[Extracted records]
══════

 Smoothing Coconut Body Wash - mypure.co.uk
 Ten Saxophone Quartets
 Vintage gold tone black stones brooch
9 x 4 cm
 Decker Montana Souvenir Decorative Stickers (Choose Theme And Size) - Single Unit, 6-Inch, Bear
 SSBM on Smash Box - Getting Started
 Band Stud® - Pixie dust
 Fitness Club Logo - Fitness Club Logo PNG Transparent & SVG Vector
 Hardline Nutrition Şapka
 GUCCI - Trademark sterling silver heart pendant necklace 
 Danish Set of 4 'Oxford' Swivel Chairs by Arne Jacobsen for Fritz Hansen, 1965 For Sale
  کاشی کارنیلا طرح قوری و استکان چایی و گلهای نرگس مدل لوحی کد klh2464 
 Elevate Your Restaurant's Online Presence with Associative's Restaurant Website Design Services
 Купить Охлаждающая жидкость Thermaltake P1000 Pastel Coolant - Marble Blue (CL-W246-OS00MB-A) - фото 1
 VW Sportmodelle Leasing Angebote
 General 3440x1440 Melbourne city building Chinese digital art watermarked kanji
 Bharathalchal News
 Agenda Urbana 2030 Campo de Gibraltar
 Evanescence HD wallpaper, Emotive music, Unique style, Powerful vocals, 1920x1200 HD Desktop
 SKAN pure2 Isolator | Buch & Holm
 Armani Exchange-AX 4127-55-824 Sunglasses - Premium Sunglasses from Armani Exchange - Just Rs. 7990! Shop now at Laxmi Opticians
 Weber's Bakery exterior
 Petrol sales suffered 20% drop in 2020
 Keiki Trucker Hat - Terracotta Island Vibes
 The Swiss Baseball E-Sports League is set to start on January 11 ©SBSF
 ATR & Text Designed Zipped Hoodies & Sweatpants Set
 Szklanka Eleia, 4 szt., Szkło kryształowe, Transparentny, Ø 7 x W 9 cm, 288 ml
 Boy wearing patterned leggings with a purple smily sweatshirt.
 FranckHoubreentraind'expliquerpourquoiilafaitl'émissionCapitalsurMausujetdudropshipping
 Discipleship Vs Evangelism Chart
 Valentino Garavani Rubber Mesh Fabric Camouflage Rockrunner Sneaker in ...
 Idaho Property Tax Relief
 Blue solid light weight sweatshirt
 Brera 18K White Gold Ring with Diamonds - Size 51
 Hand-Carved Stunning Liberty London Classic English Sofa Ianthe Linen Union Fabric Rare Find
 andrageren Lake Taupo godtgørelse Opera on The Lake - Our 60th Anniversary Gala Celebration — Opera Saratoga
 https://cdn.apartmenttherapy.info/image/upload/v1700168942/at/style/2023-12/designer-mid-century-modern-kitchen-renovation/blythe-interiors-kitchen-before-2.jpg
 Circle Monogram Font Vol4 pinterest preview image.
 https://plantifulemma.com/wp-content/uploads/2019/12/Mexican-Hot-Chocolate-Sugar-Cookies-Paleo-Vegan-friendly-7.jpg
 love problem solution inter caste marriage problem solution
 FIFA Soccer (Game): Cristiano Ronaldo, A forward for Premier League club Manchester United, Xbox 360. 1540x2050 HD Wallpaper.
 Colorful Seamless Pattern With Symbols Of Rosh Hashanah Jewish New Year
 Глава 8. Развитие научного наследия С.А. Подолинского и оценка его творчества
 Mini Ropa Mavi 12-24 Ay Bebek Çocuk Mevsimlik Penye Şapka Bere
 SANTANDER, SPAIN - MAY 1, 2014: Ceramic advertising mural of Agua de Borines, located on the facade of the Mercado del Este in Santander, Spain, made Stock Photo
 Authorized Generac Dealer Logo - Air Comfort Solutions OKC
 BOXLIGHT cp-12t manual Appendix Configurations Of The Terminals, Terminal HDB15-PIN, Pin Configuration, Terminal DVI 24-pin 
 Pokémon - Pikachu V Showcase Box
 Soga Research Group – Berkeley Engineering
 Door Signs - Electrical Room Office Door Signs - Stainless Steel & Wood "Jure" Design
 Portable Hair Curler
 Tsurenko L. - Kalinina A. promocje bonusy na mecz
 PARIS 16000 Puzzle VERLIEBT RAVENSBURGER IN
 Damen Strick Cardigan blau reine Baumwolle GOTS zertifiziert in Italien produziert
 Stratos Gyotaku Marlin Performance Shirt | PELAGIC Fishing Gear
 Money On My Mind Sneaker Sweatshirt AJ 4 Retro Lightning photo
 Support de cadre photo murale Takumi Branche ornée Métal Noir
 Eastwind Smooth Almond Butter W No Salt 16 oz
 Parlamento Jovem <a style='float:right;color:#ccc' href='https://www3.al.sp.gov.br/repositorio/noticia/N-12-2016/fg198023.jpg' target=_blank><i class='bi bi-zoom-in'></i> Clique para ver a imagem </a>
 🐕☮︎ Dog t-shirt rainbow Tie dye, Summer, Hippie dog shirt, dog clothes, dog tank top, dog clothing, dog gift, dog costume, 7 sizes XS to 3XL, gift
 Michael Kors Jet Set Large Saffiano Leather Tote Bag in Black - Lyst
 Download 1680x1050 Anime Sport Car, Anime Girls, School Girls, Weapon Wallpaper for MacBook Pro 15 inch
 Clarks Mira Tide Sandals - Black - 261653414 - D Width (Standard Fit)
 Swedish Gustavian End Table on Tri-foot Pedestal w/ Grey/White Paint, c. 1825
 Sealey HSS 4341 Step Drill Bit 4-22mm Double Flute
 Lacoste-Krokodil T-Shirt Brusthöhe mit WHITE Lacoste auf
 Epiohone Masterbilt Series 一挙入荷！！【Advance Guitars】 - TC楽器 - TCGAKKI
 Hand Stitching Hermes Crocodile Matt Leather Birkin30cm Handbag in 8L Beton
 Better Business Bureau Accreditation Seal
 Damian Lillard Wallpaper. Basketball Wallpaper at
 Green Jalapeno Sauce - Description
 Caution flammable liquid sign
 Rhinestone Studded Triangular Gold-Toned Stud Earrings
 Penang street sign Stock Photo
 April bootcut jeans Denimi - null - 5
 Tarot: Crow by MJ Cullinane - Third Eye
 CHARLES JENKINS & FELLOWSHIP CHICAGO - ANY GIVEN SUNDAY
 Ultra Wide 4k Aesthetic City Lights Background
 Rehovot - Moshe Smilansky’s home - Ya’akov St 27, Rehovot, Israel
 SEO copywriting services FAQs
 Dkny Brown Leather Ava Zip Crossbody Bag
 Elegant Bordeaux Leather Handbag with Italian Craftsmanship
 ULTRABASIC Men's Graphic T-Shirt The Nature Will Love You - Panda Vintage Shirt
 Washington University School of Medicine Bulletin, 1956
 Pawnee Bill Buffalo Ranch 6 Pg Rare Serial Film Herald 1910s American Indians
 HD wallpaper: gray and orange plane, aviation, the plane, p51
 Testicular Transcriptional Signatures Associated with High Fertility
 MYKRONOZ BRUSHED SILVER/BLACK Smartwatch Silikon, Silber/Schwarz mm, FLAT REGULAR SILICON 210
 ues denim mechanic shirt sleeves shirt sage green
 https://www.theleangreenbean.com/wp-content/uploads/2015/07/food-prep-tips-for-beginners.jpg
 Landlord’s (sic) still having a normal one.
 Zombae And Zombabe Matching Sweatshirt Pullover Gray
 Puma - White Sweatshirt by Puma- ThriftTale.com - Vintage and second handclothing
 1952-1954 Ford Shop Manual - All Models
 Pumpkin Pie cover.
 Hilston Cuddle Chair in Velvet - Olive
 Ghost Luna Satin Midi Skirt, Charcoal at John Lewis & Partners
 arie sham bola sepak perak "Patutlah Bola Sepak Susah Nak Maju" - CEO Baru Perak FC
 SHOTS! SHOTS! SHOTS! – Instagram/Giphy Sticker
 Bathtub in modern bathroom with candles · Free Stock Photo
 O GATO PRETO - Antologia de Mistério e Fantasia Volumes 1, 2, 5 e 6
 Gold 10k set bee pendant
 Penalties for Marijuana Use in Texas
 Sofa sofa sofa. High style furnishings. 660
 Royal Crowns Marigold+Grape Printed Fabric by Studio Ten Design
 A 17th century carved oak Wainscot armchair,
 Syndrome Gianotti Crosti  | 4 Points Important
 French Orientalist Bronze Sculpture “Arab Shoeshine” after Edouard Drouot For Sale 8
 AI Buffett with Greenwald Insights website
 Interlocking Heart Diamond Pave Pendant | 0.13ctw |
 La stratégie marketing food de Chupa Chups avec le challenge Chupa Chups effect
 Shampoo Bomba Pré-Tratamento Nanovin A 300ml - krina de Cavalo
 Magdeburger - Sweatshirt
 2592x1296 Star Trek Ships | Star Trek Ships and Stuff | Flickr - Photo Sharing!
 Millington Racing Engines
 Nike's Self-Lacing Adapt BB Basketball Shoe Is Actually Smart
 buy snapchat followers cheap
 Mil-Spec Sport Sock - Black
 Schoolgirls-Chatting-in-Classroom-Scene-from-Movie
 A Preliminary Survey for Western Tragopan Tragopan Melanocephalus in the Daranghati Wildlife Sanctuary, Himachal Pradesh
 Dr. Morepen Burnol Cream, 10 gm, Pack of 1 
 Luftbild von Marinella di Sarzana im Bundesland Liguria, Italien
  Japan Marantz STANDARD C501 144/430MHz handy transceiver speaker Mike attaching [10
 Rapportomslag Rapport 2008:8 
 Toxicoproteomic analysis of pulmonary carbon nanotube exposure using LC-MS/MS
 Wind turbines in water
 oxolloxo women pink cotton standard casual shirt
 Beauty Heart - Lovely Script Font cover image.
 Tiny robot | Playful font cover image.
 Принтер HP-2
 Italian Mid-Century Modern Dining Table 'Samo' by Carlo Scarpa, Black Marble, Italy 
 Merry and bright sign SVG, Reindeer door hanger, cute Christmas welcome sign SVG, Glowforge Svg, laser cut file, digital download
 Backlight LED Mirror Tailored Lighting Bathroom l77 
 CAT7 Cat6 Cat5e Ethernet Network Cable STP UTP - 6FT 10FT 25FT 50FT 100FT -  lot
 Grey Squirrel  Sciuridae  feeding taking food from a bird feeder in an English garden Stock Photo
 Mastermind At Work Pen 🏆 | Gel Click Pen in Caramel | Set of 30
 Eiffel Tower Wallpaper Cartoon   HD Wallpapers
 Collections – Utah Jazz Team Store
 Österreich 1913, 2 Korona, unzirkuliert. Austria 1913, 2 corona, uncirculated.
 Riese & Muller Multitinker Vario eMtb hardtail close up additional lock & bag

══════

* _TASK TO COMPLETE_
Would you copy out exactly the lines above that start at the one containing "Millington Racing Engines" and end at the one containing "Dr. Morepen Burnol Cream, 10 gm, Pack of 1", inclusive?

* _WRITTEN RESPONSE_
 Millington Racing Engines
 Nike's Self-Lacing Adapt BB Basketball Shoe Is Actually Smart
 buy snapchat followers cheap
 Mil-Spec Sport Sock - Black
 Schoolgirls-Chatting-in-Classroom-Scene-from-Movie
 A Preliminary Survey for Western Tragopan Tragopan Melanocephalus in the Daranghati Wildlife Sanctuary, Himachal Pradesh
 Dr. Morepen Burnol Cream, 10 gm, Pack of 1 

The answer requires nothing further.